Species evolution from dinosaurs

Incorrect. This piece of creationist rhetoric is demonstrable nonsense. Speciation does occur and new species, orders, classes and phylums do evolve.

I very much doubt that any of the birds alive today can procreate with any of the species which we have classified as dinosaurs. Obviously just because your species evolved from a species in a certain classification does mean that your species belongs to that classification. We are not all protozoa just because our species evolved from species that any biologist today would classify as protozoa. So I disagree with your claim that there are still living dinosaurs.

I think what @T_aquaticus is saying is that no matter how much dogs evolve, their descendants will always be part of the “dog clade”. It isn’t a claim that large changes, even to the point of forming of new species are impossible within that clade. In fact, if I’m not mistaken, the whole notion of fixed species is probably more an antiquated Linnean concept than a cladistic one. But I will happily accept correction here if that is a wayward notion.

In case this is helpful to this discussion:

According to cladistics . . .

First, you don’t evolve out of your ancestry. If an ancestor of a species was a dog, then so too are the descendants. If the current population of dog splits into two new species then they will be two new species of dog. All of their ancestors will be dogs, no matter how much they change.

Second, everything above the species level in Linnaean taxonomy does not exist in nature. There are no orders, classes, or phyla in nature. Those are human inventions.
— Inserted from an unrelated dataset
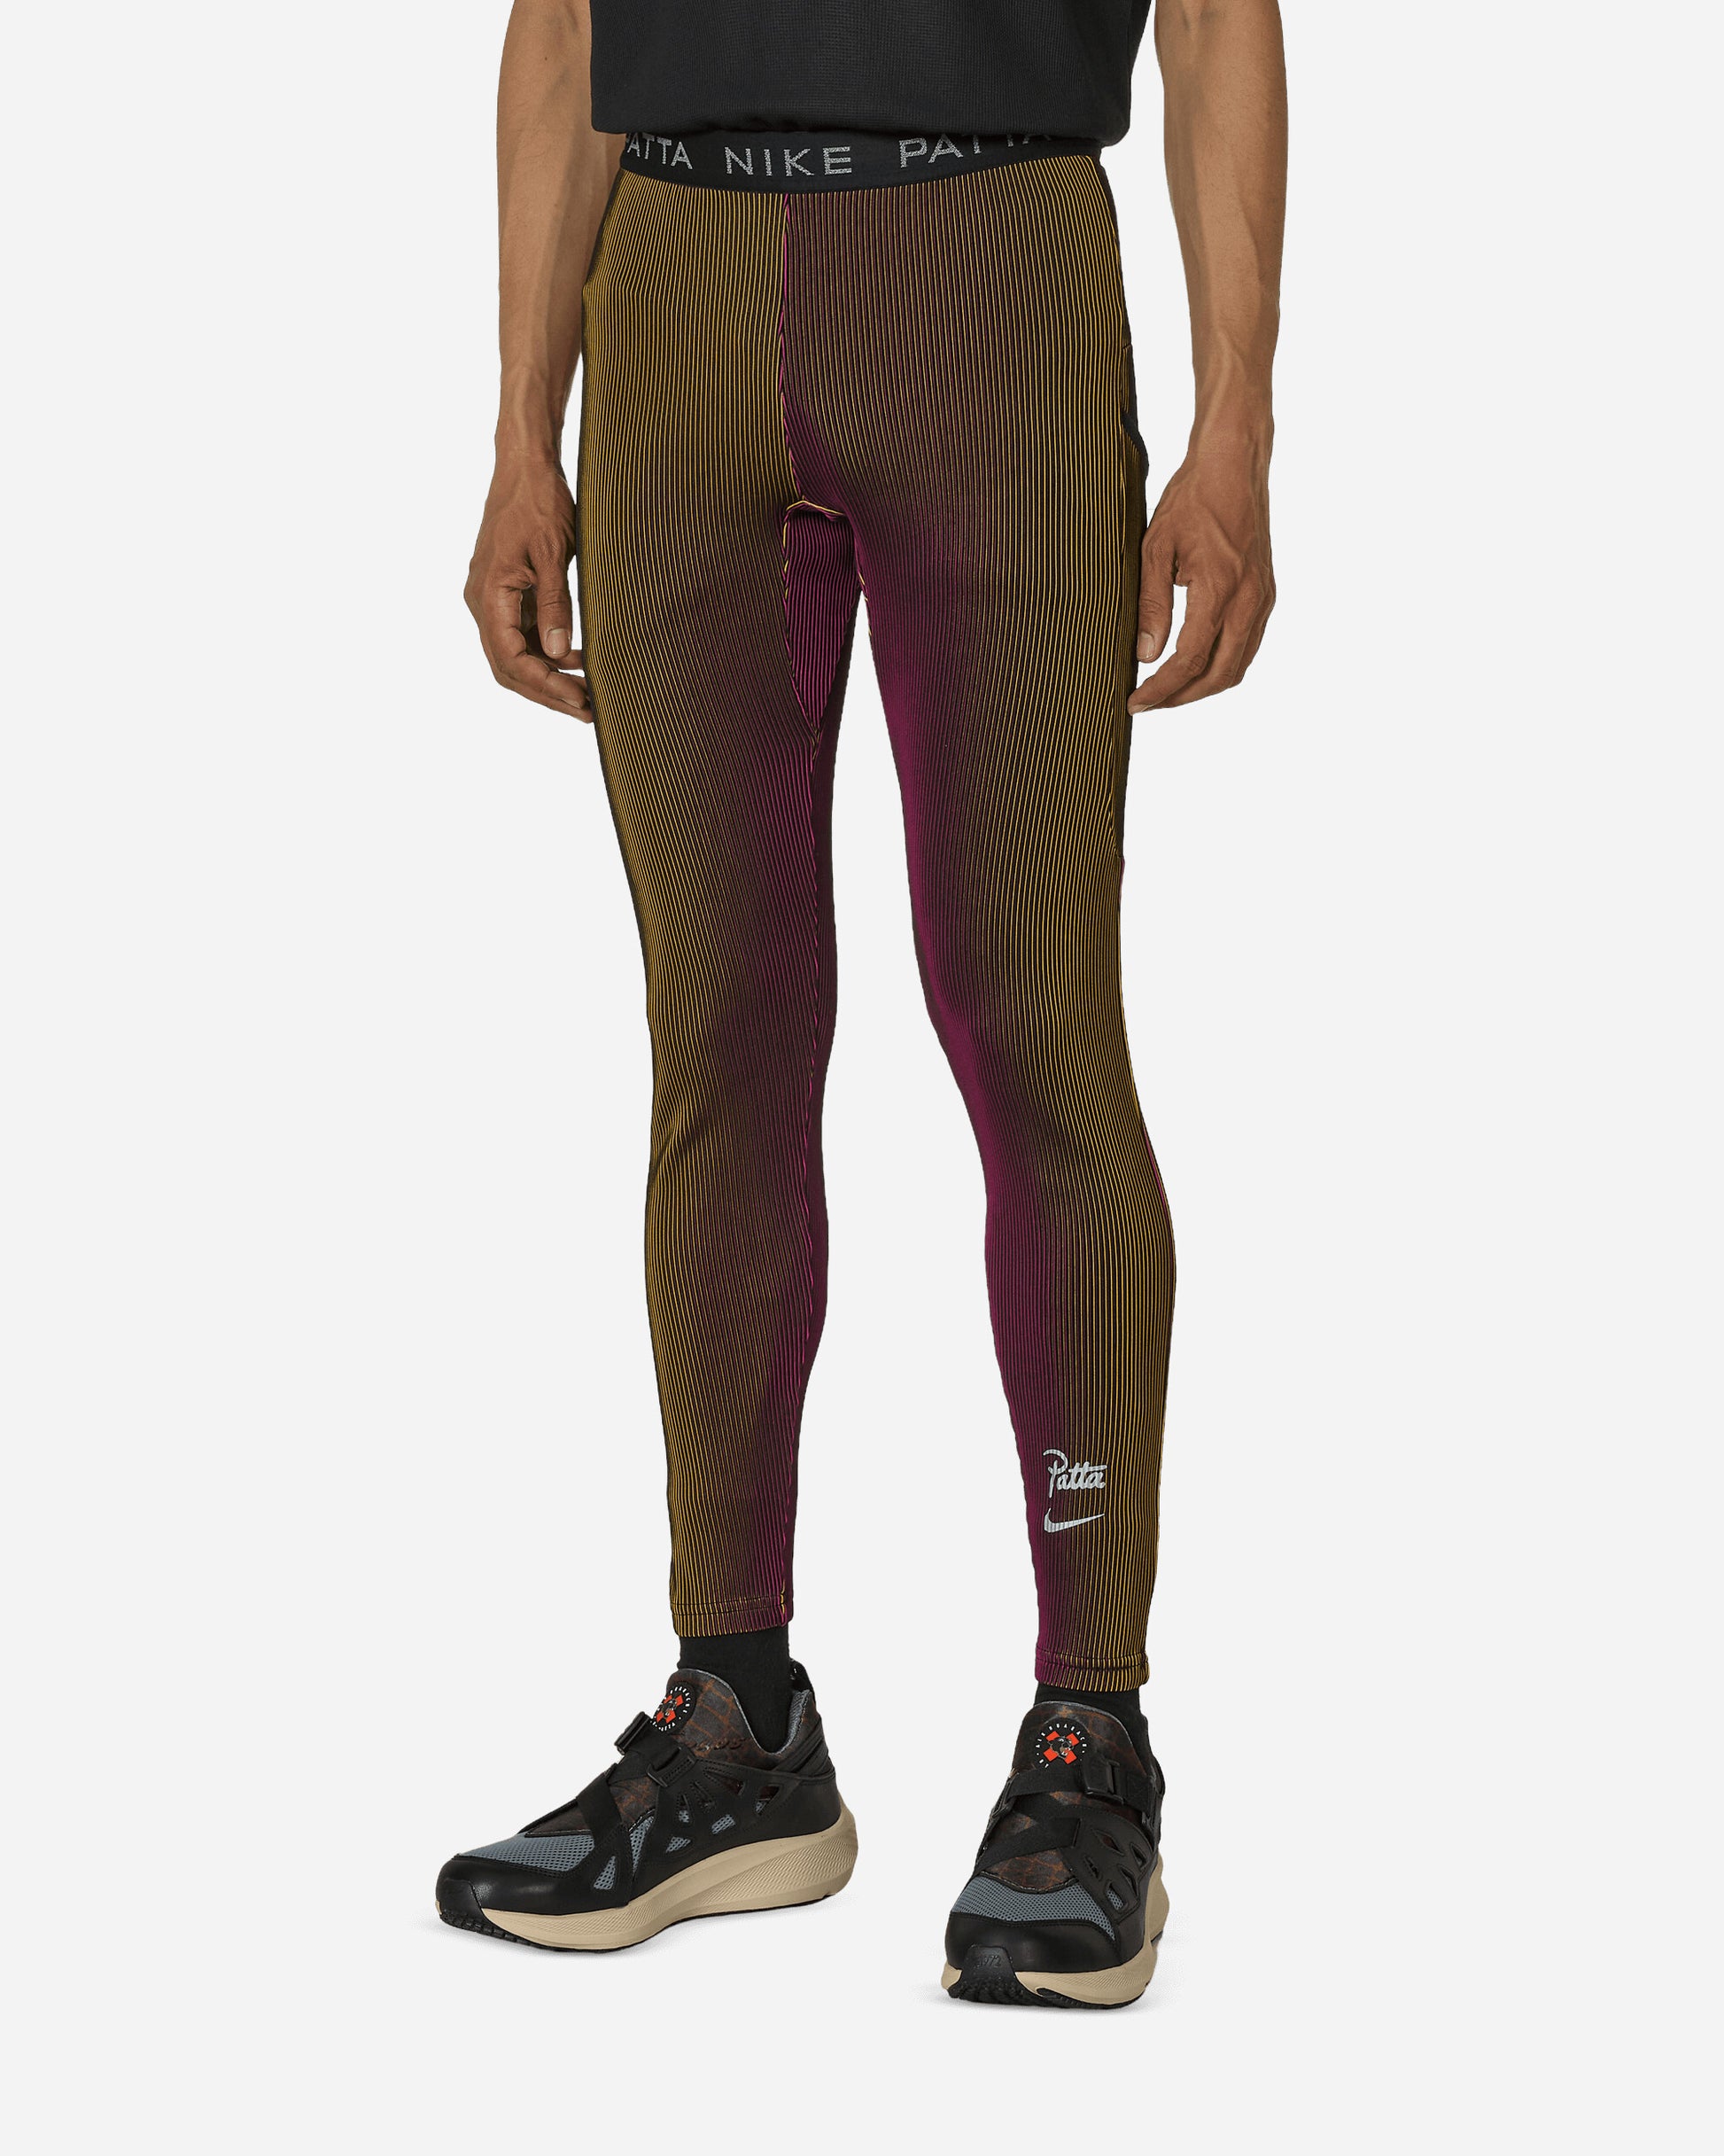 Nike M Nrg Patta Legging Fireberry Pants Sweatpants FJ3061-615
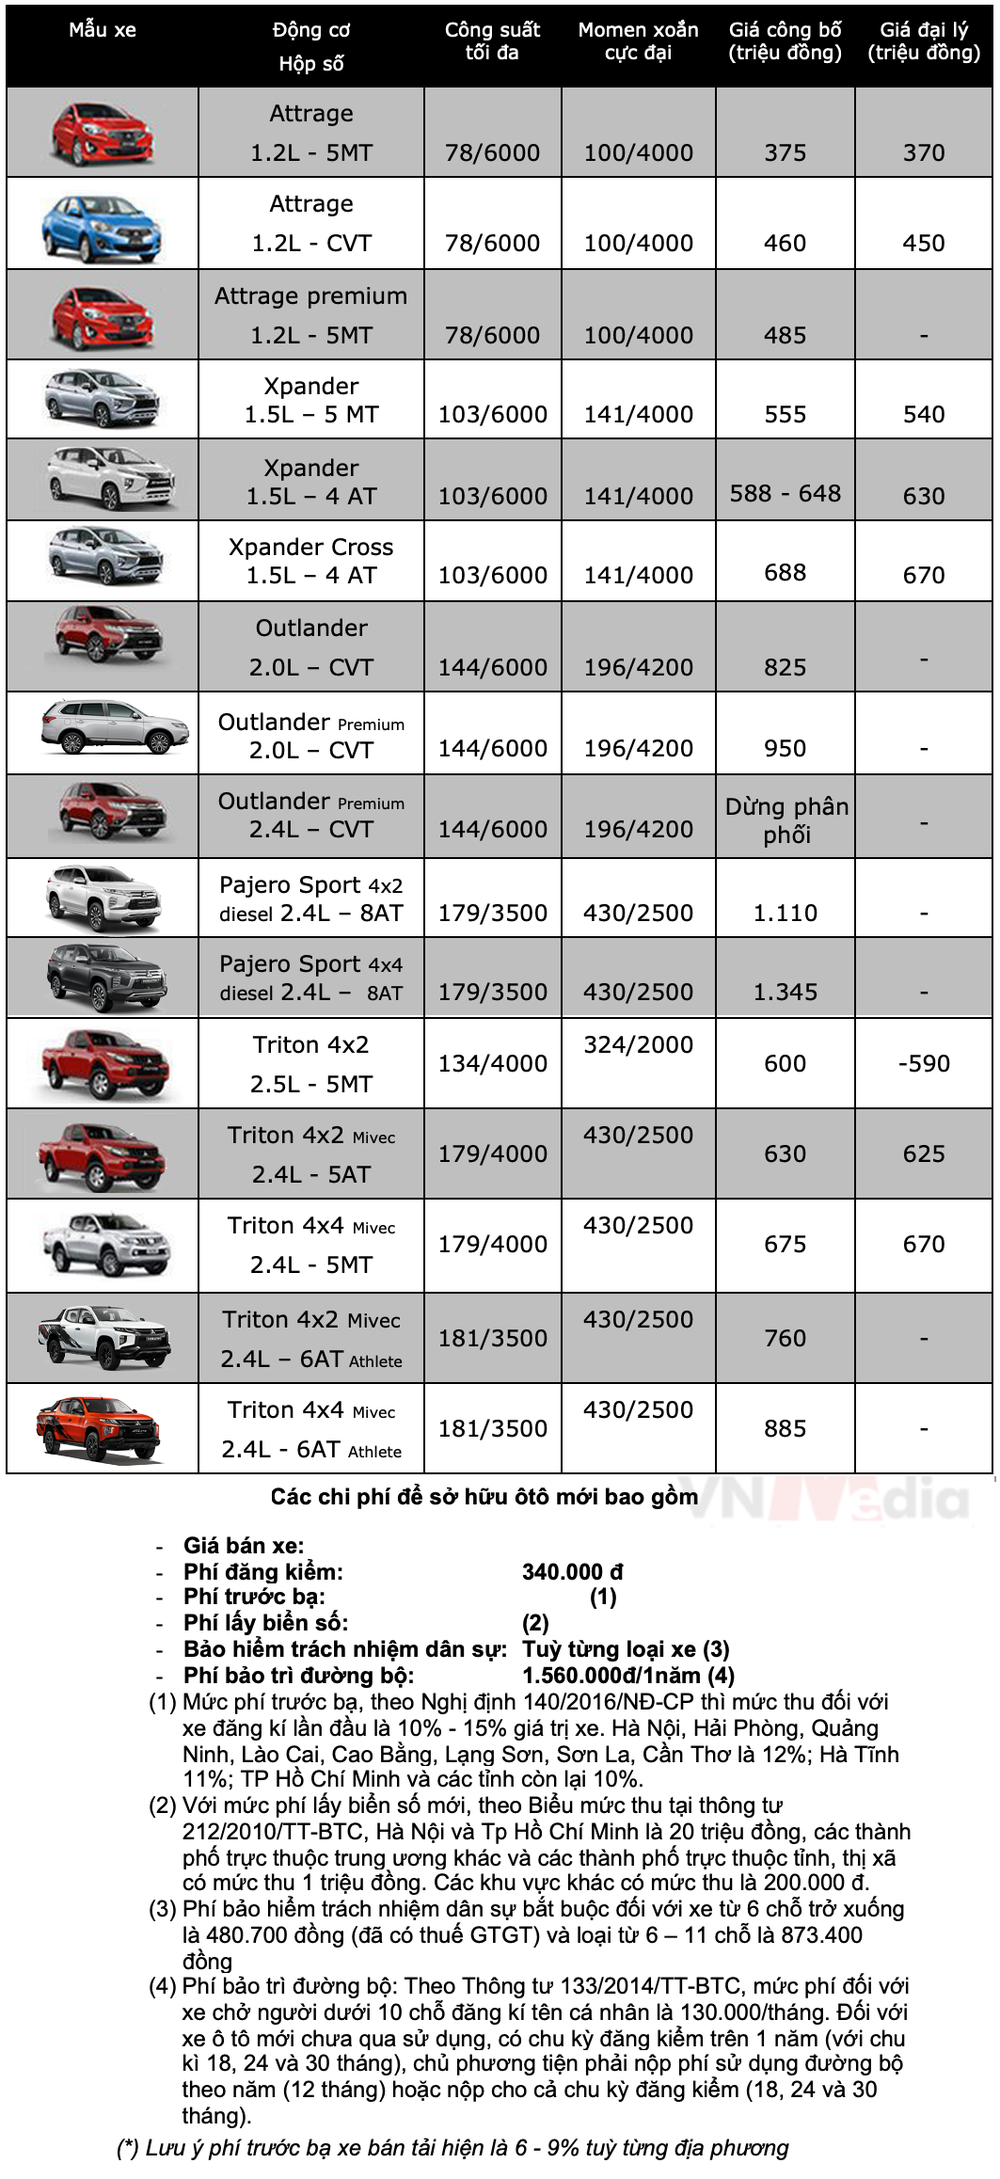 Bảng giá xe Mitsubishi tháng 5: Mitsubishi Outlander được ưu đãi gần 70 triệu đồng - Ảnh 2.

There were contemporaneous dinosaur species prior to the K/T event that couldn’t procreate with each other, yet they were still dinosaurs. Dinosaur is not the name of a species but of an entire clade of species.

Within cladistics, that is exactly how it works.

Protozoa is not considered to be a valid taxon anymore, but it may still be used for historical reasons. Protists are a paraphyletic group, and systematists try to avoid them where possible. Here are the clades from the Tree of Life Web Project:


http://tolweb.org/Eukaryotes/3

Also:

Our common ancestor with many species previously considered to be protists were opisthokonts, and humans are still opisthokonts.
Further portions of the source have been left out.